The ideal point method is an evaluation function method, and is a method for solving the multi-target object comprehensive balance by making each target value approximate to the ideal value or the optimal value as much as possible. At present, the problem of multi-objective decision analysis is solved by an ideal point method, relative quality ordering is carried out through a plurality of objects, the optimal solution of a one-point range is determined, and the quality ordering is carried out on the plurality of target objects in the comprehensive balancing of the scheme.
In the invention, after the evaluation index is determined and the evaluation index data is obtained, the evaluation index data can be normalized in advance to obtain a normalized decision matrix, and then a weighted decision matrix is obtained according to the normalized decision matrix and the weight.
In particular, R for each safeguard schemeijAnd dividing the set to distinguish a benefit type index set and a cost type index set which influence the experimental scheme. The index type of each evaluation index can be obtained according to table 1 and table 2.

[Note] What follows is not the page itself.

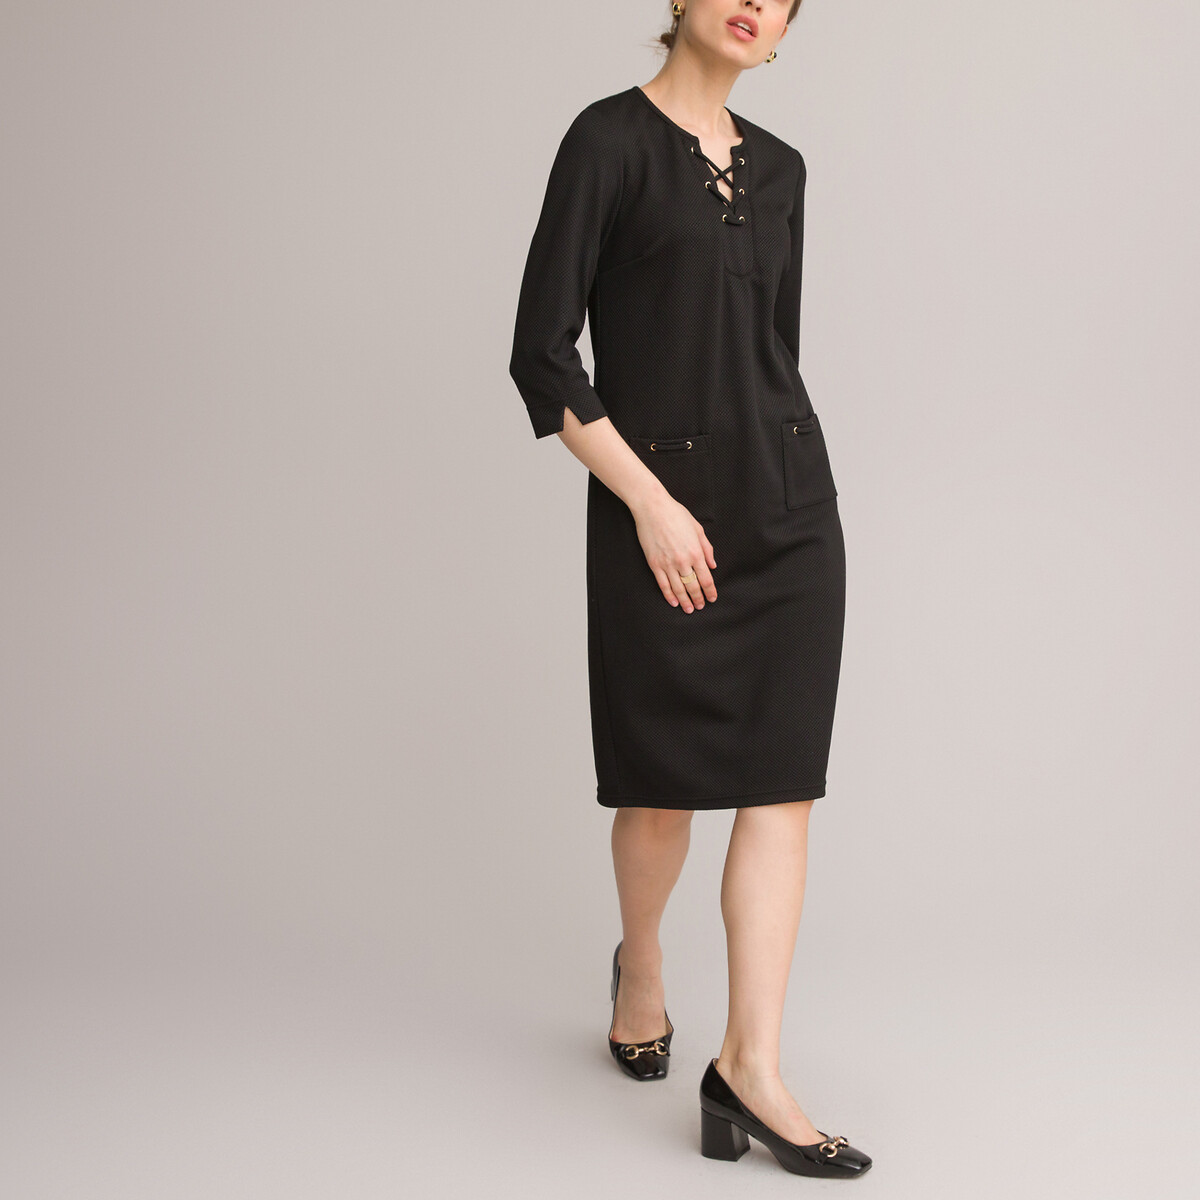 Платье ANNE WEYBURN Платье Прямое средней длины рукава 34 48 черный, размер 48 - фото 2
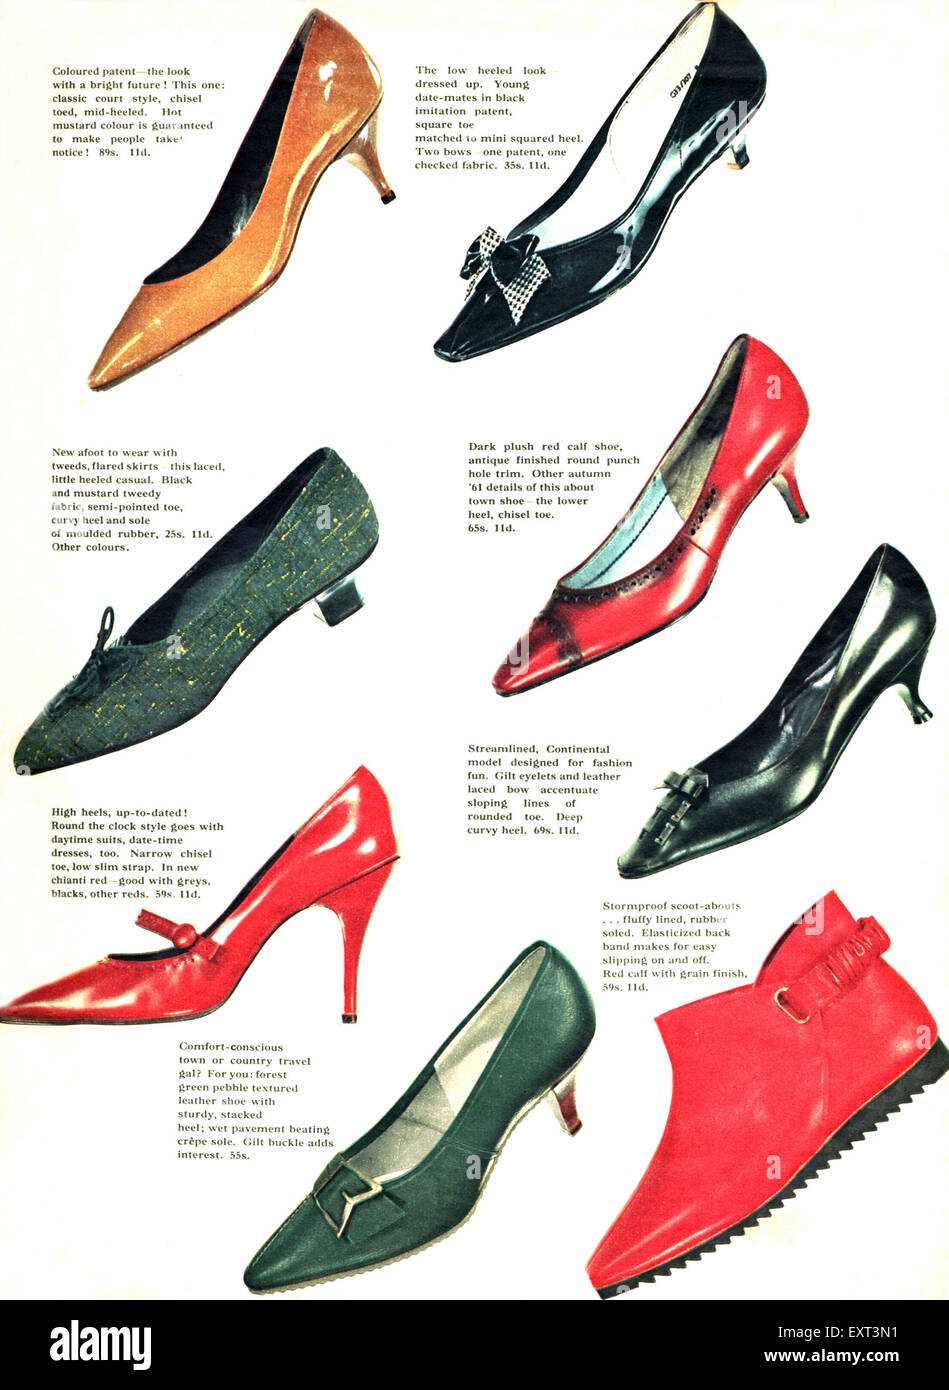 1960s shoes Banque de photographies et d'images à haute résolution - Alamy

For the evaluation indexes in the benefit index set, the larger the index evaluation data is, the better the index evaluation data is, the following formula is utilized to carry out normalization processing on the benefit indexes, and the normalization processing comprises the following steps:
for the evaluation indexes in the cost type index set, the smaller the index evaluation data is, the better the index evaluation data is, the normalization processing is performed on the cost type index by using the following formula, including:
the normalized decision matrix obtained by the normalization process is: z = [ Z ]ij],
Wherein,the method comprises the steps of normalizing evaluation index data corresponding to the jth evaluation index of the ith equipment guarantee scheme;evaluating index data which is not subjected to normalization processing and corresponds to the jth evaluating index of the ith equipment guarantee scheme; i =1,2, …, m, j =1,2, …, n, m is the number of equipment warranty plans; n is the number of evaluation indexes.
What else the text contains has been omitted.